The Ellacombe apparatus is a mechanism devised for performing change ringing on church bells by striking stationary bells with hammers. It does not produce the same sound as full circle ringing due to the absence of Doppler effect as the bells do not rotate, and the lack of a damping effect from the clapper after each strike.

==Operation==
The apparatus can be operated by one person, unlike the traditional method, where the bells are rotated through over 360 degrees (full circle ringing) to sound them and one bell-ringer is needed for each bell. Instead the bells are kept static (or "hung dead") and a hammer is struck against the inside of the bell. Each hammer is connected by a rope to a fixed frame in the bell-ringing room. When in use the ropes are taut, and pulling one of the ropes towards the player will strike the hammer against the bell. To enable full circle ringing, the Ellacombe ropes can be slackened to allow the hammers to drop away from the moving bells.

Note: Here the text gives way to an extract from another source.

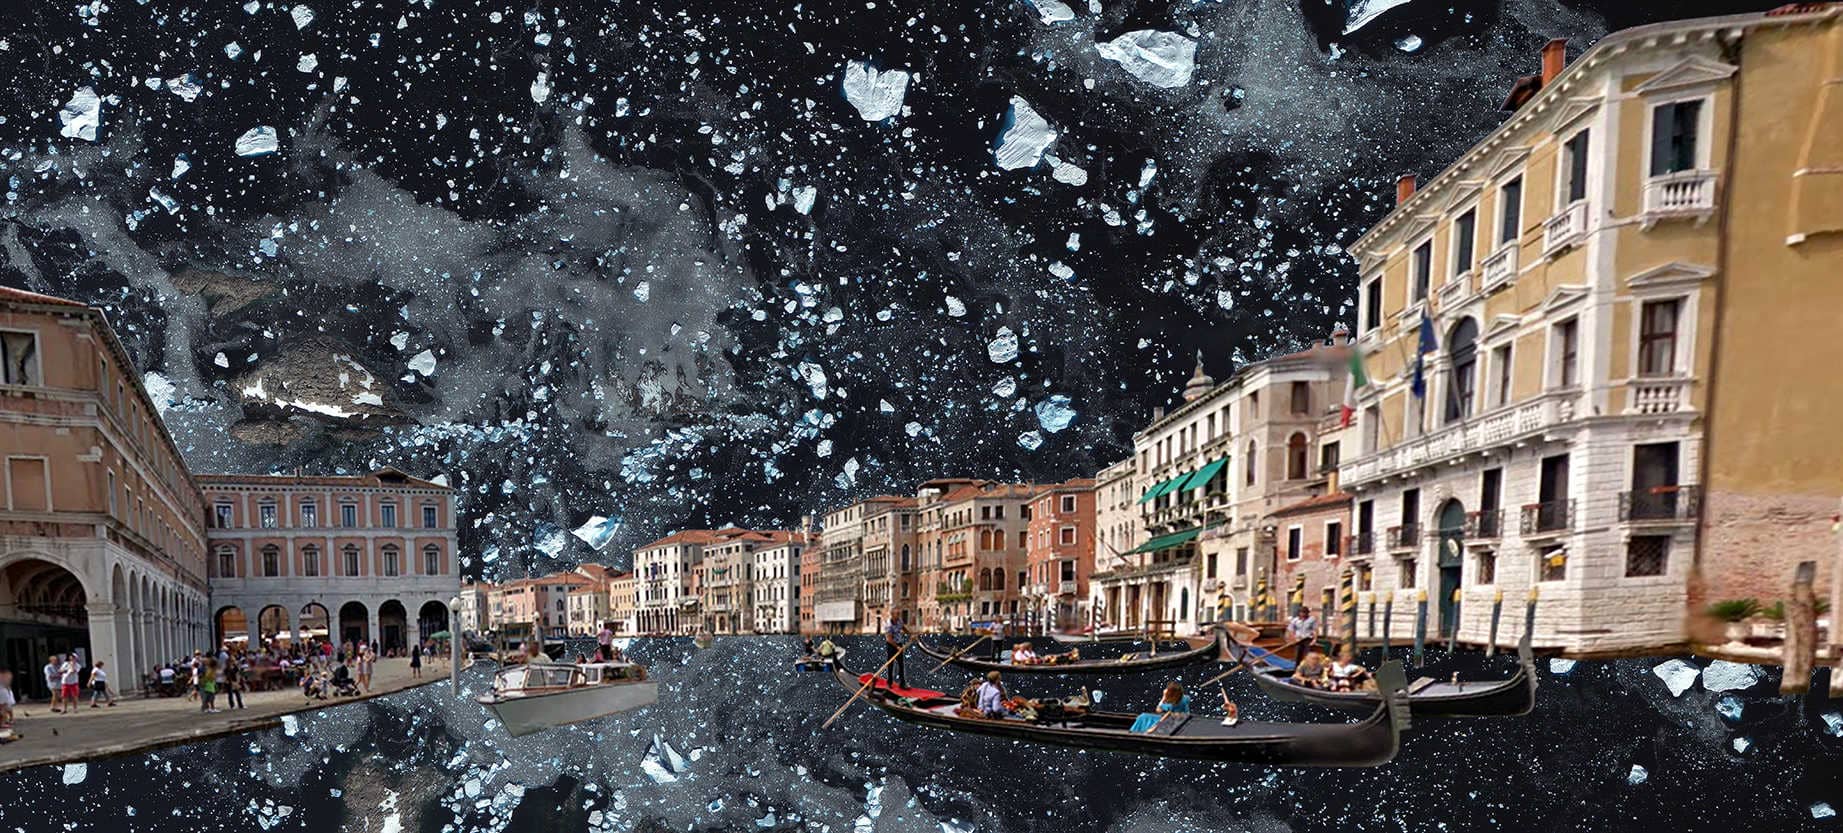 ICE-SPACE VENICE, 2015, 2 levels, CM 42X75, EDITION of 9
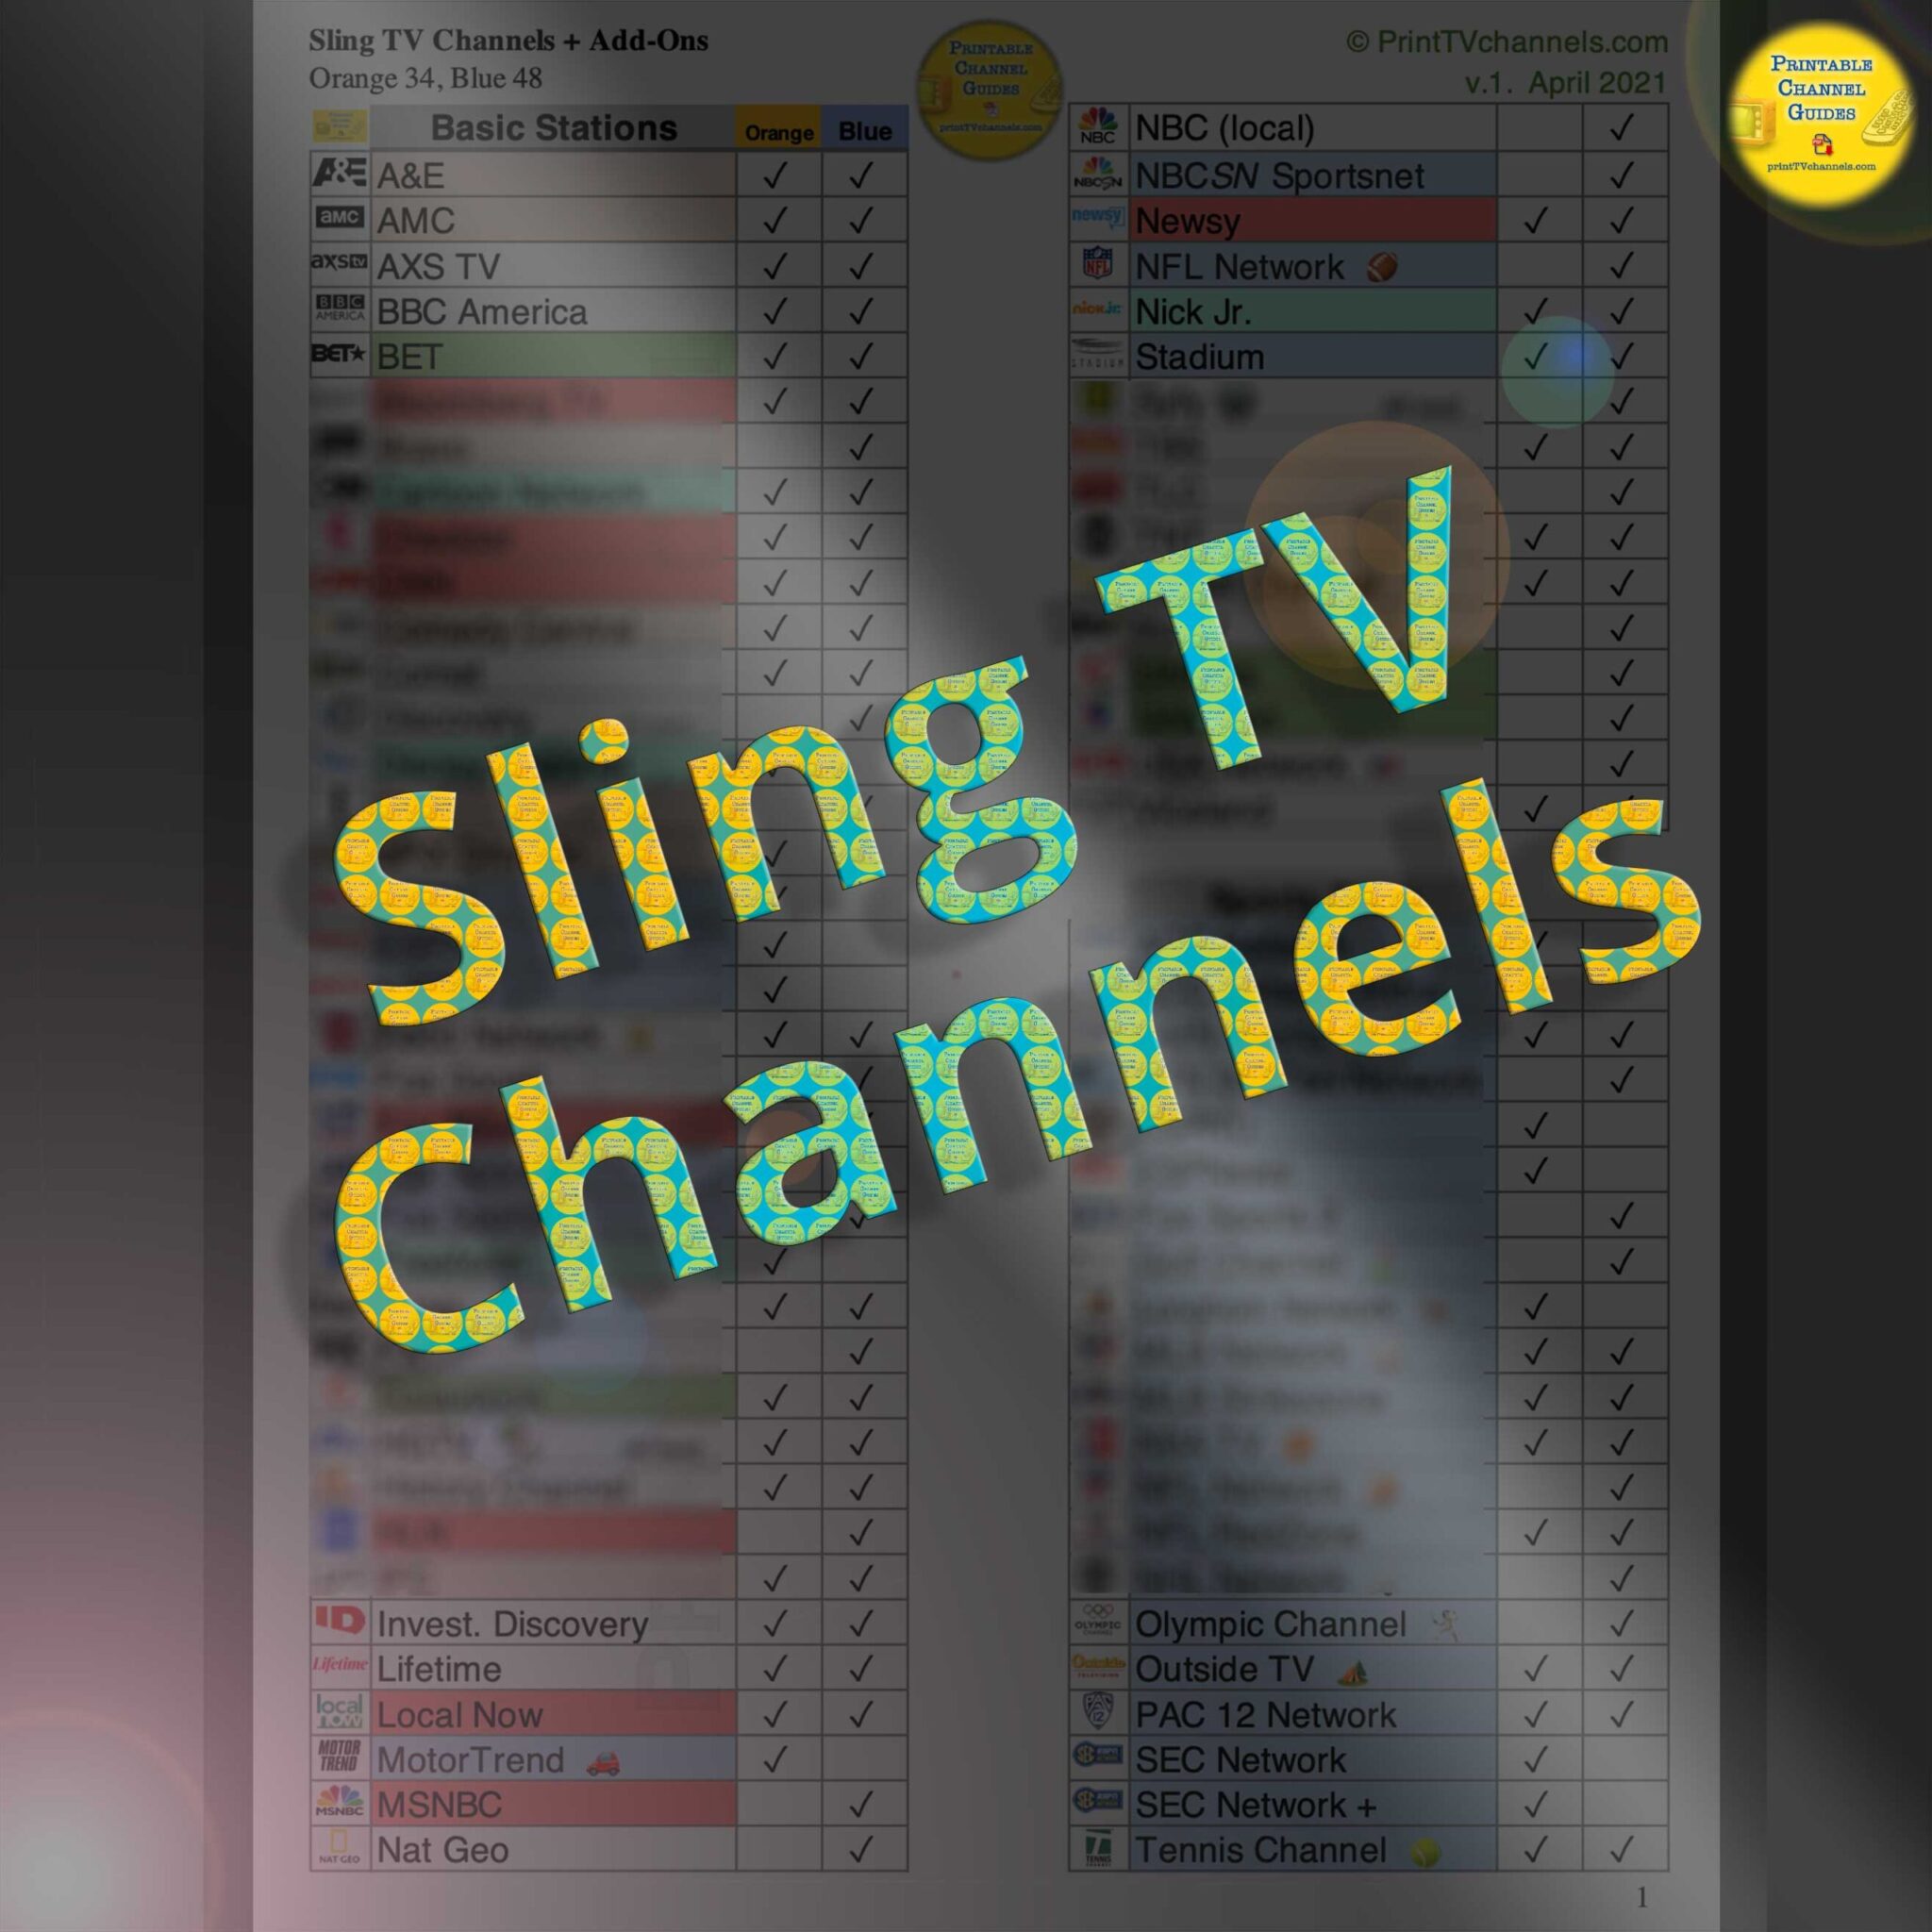 Sling TV Channel List Compare Orange and Blue Packages by Channel

The system was devised in 1821 by Reverend Henry Thomas Ellacombe of Gloucestershire, who first had such a system installed in Bitton in 1822. He created the system as an alternative to using his local ringers, so that he did not have to tolerate behaviour that he saw as unruly. The Revd Ellacombe was the editor of the bell-ringing column of a church periodical called "Church Bells", and was not slow to criticise the actions of bell ringers who did not ring exclusively for church services. A particular target was "prize ringing", where teams from different churches competed for a prize for the best ringing, usually accompanied by a social event. An example was in 1875 when he weighed in with a diatribe against a ringing competition at Slapton in Devon, when he wrote, "We blame the Vicar and churchwardens for allowing the bells to be so prostituted for the benefits of a publican's pocket...".

In practice, the apparatus required considerable expertise for one person to ring changes, which most churches did not have, and it alienated bell-ringers from the church. The sound of a chime was a poor substitute for the rich sound of swinging bells, and the apparatus fell out of fashion. Consequently, the apparatus was removed from many towers in the past, leaving holes in the ceiling and often frames without ropes.

In towers where the apparatus remains in working order it is often still used to play simple call change sequences, hymn tunes, or carols at Christmas. The apparatus is also used when insufficient full circle ringers are available, or where it is no longer safe to swing the bells. There are known be over 400 Ellacombe chimes in working order in the UK and at least 40 in the other parts of the world.

In the United Kingdom, during the COVID-19 pandemic, Ellacombe apparatuses were used in some churches (when local restrictions allowed) to sound church bells when gathering of large groups indoors was not permitted.